* [Data to process]:
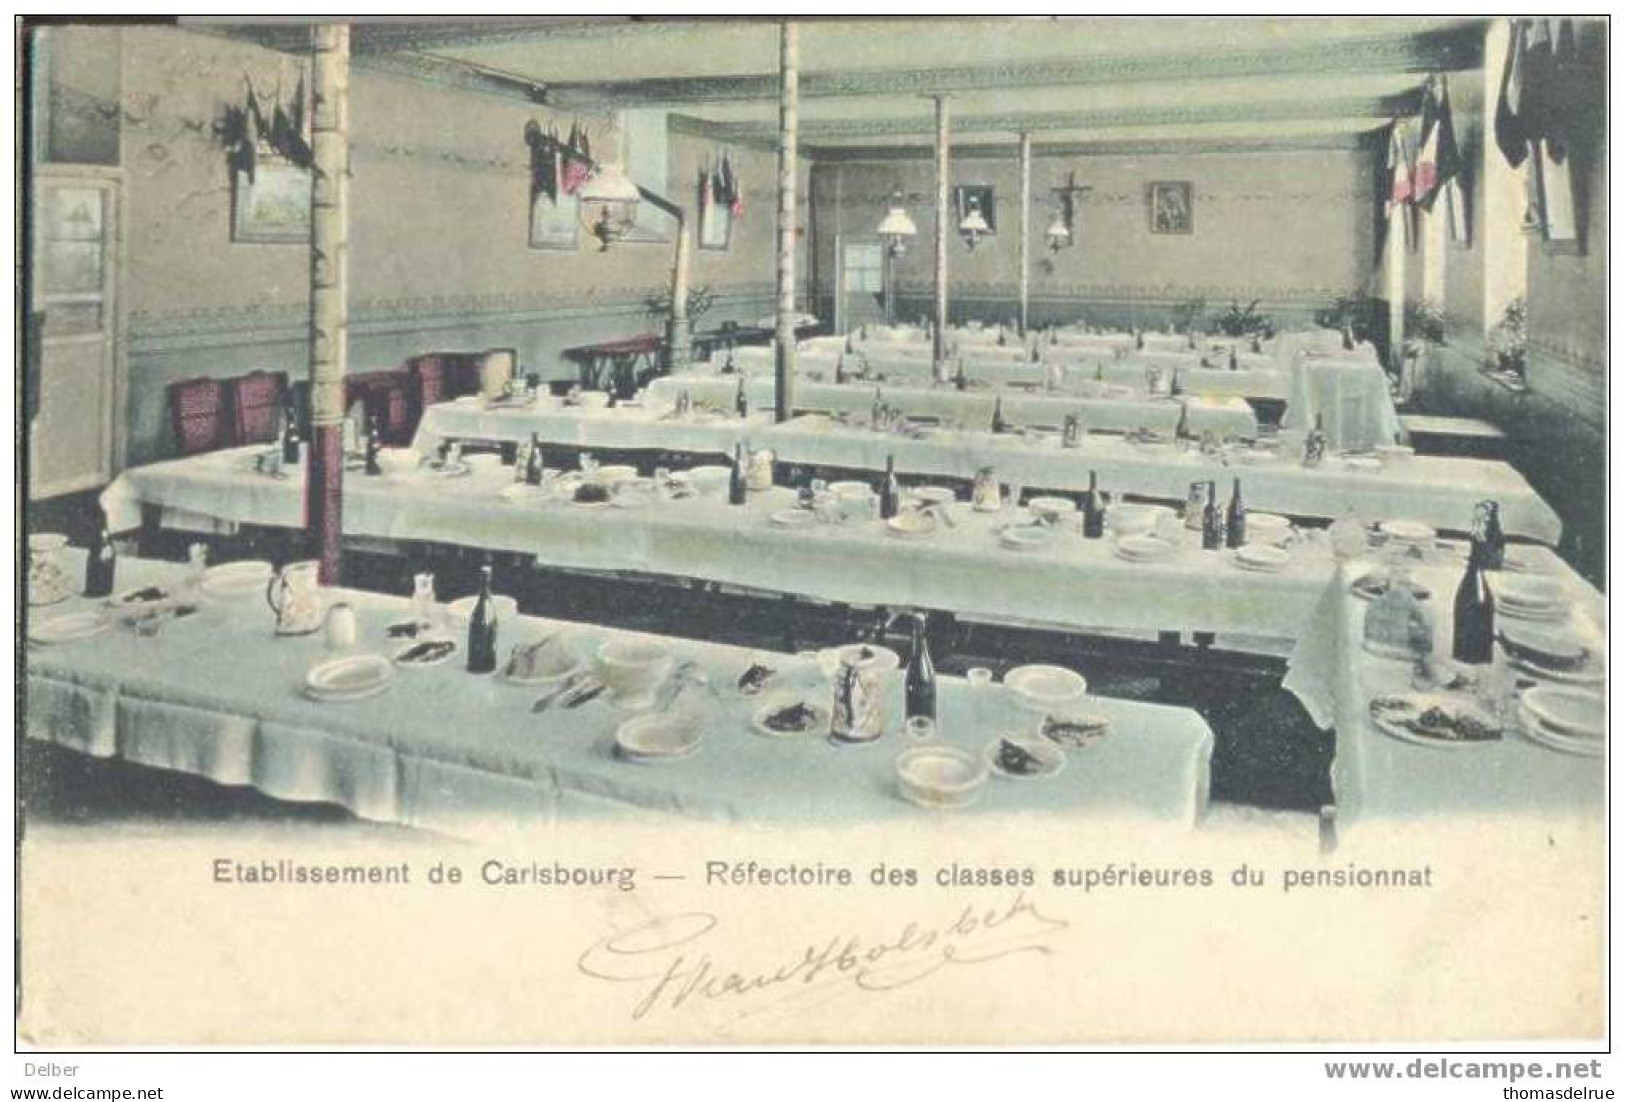 Zz077: Etabissement De Carlsbourg- Réfectoire Des Classes Supérieure 81: E11: CARLSBOURG 29 SEPT 1910: - Paliseul
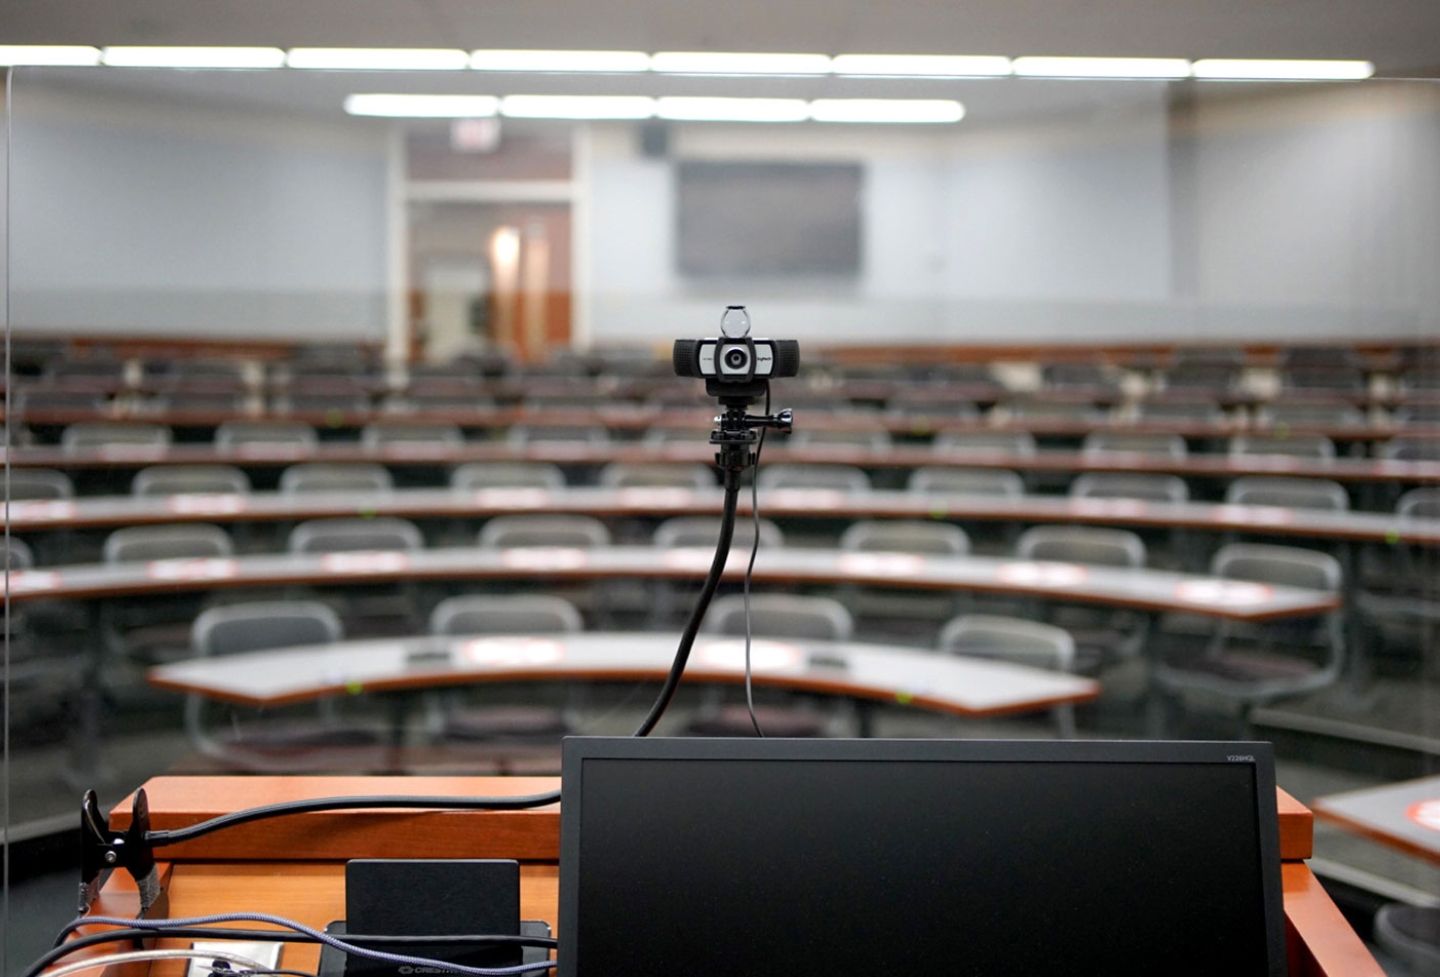 A camera and plexiglass screen at a classroom podium
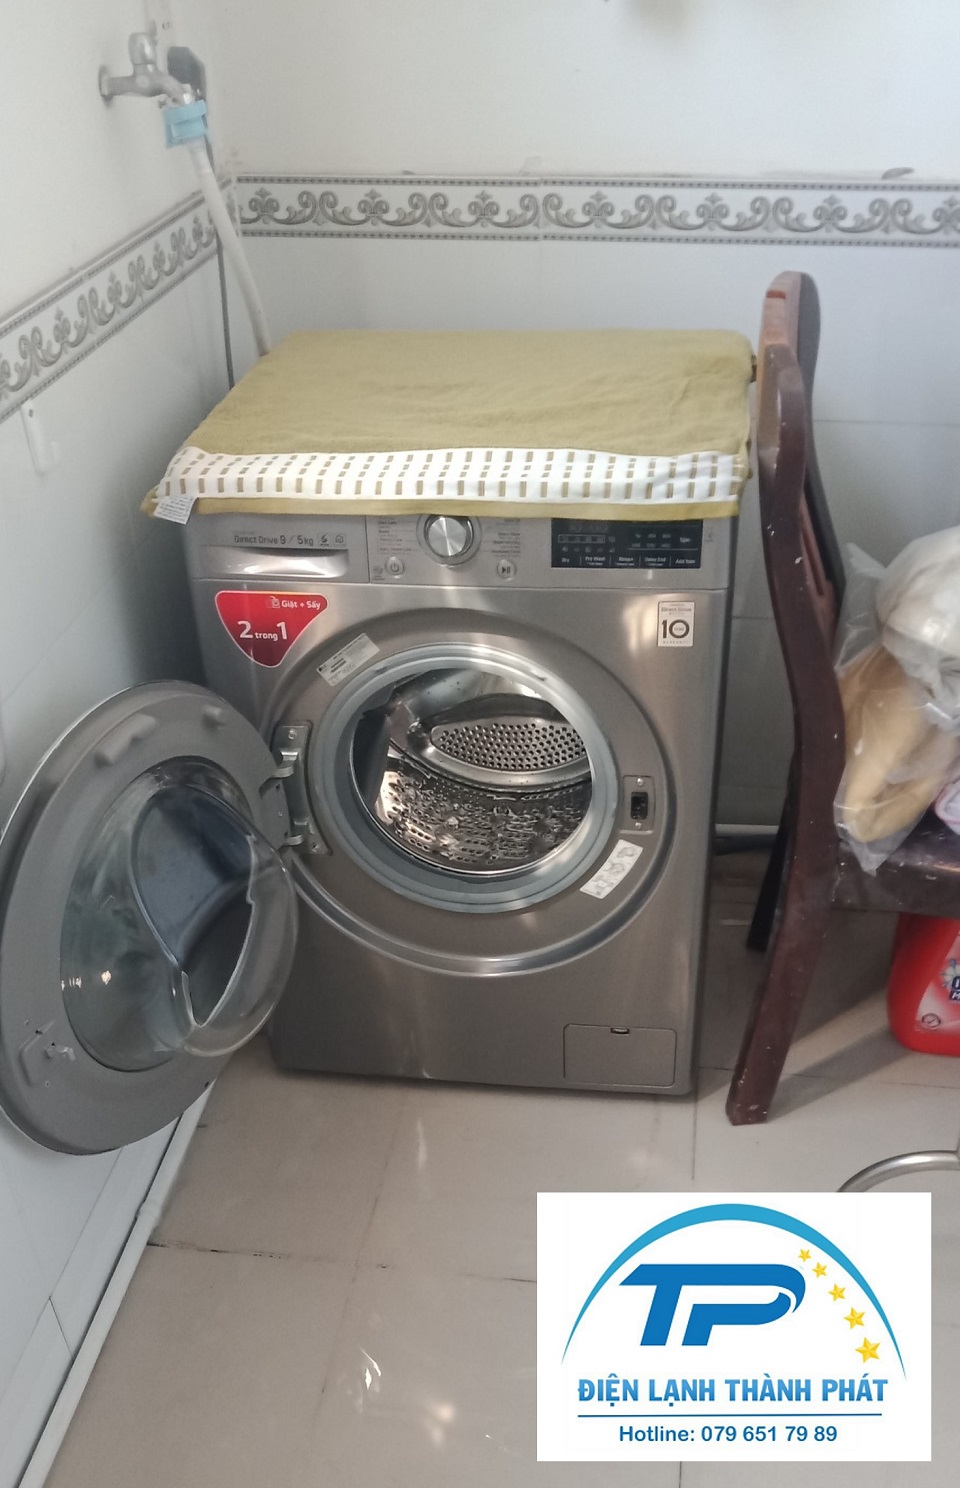 Hãy kiểm tra máy giặt thường xuyên để đảm bảo thiết bị đang trạng tình trạng hoạt động tốt.
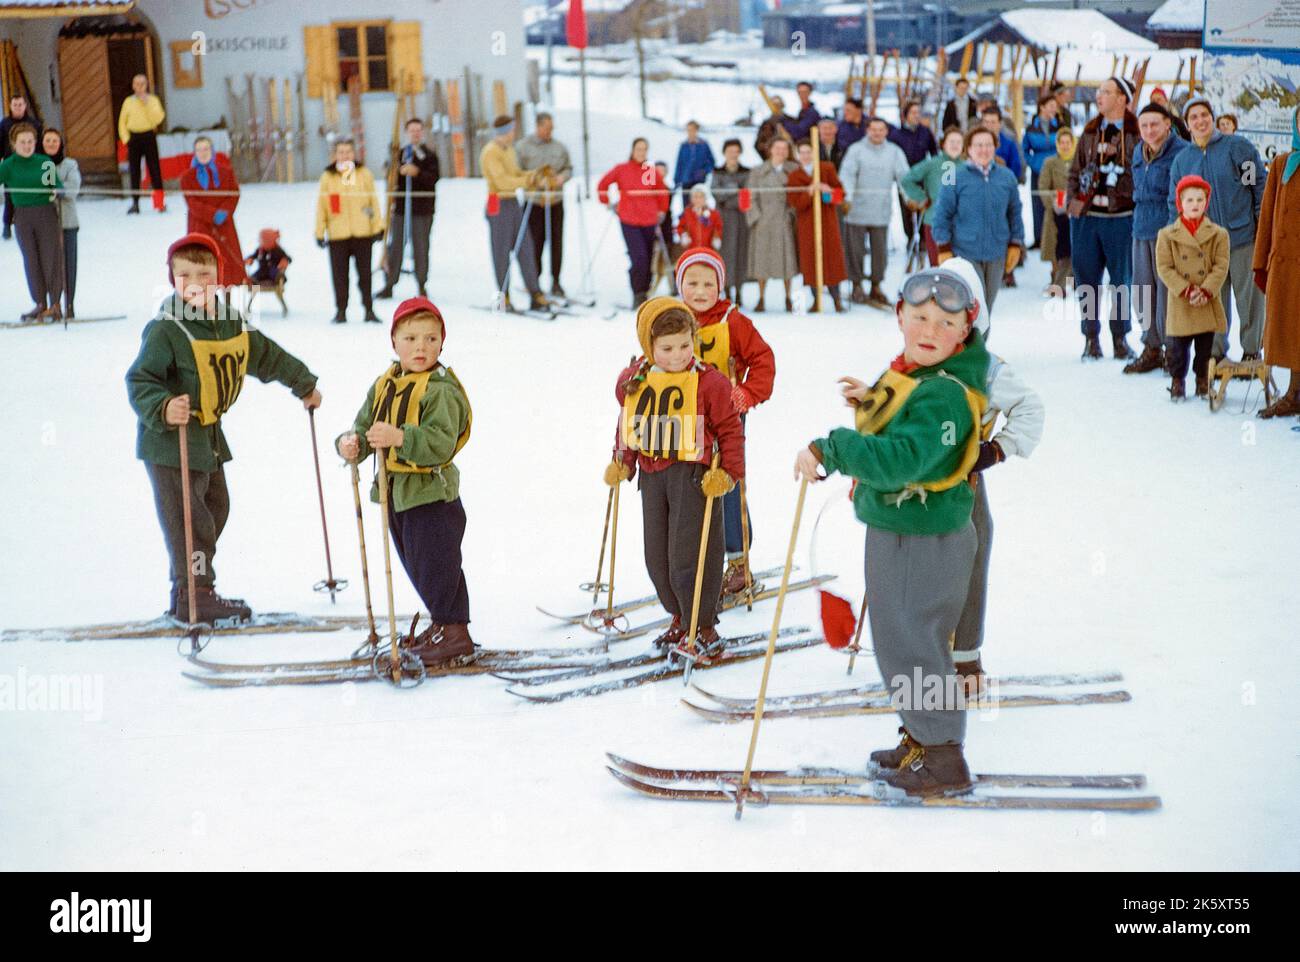 Grupo de jóvenes esquiadores, San Anton am Arlberg, Tirol, Austria, Colección Toni Frissell, enero de 1955 Foto de stock
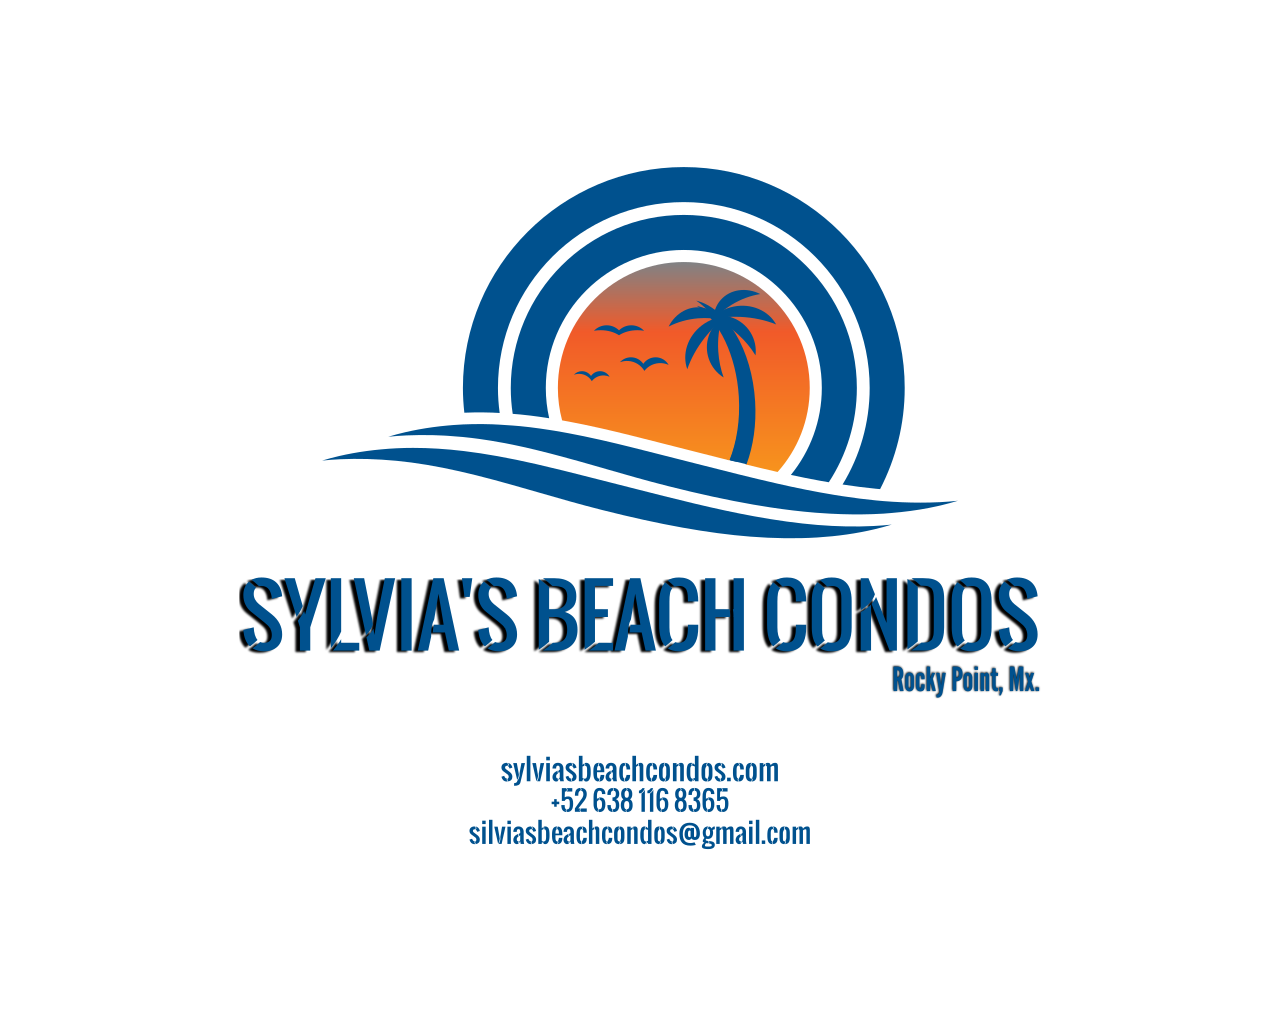 Sylvias Beach Condos

* [To do]: Transcribe every entry word for word, excluding images.

* [Written answer]:
 Zz077: Etabissement De Carlsbourg- Réfectoire Des Classes Supérieure 81: E11: CARLSBOURG 29 SEPT 1910: - Paliseul
 A camera and plexiglass screen at a classroom podium
 Hãy kiểm tra máy giặt thường xuyên để đảm bảo thiết bị đang trạng tình trạng hoạt động tốt.
 Grupo de jóvenes esquiadores, San Anton am Arlberg, Tirol, Austria, Colección Toni Frissell, enero de 1955 Foto de stock
 Sylvias Beach Condos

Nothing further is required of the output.